### Your task
From the line that includes "Spodnie mayoral żółte 116" to the closing line of the data, please transcribe every line exactly and add nothing.

(Items listed in a dataset)
──────────
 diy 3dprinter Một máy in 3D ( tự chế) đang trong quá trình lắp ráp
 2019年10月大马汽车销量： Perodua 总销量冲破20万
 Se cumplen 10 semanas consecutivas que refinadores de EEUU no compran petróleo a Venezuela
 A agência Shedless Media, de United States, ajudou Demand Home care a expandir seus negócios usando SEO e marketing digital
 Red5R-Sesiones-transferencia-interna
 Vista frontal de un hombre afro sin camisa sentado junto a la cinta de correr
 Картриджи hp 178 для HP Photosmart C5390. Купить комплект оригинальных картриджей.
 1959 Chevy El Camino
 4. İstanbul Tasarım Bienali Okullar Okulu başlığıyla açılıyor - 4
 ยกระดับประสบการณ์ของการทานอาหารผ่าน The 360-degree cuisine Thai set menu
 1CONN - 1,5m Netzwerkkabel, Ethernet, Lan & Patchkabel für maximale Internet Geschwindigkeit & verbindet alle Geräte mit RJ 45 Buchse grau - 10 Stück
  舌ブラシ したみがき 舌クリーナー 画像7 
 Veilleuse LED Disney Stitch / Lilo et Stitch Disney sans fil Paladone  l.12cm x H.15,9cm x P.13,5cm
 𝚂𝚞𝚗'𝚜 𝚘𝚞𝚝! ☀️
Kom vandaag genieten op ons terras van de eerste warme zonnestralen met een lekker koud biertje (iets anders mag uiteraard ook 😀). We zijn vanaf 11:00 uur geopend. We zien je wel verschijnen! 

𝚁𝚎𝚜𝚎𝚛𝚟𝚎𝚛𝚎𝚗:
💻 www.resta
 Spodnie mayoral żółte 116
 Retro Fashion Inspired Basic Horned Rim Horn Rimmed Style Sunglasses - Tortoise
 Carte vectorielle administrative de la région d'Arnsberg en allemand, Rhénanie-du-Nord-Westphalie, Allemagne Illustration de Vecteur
──────────
### Your response
 Spodnie mayoral żółte 116
 Retro Fashion Inspired Basic Horned Rim Horn Rimmed Style Sunglasses - Tortoise
 Carte vectorielle administrative de la région d'Arnsberg en allemand, Rhénanie-du-Nord-Westphalie, Allemagne Illustration de Vecteur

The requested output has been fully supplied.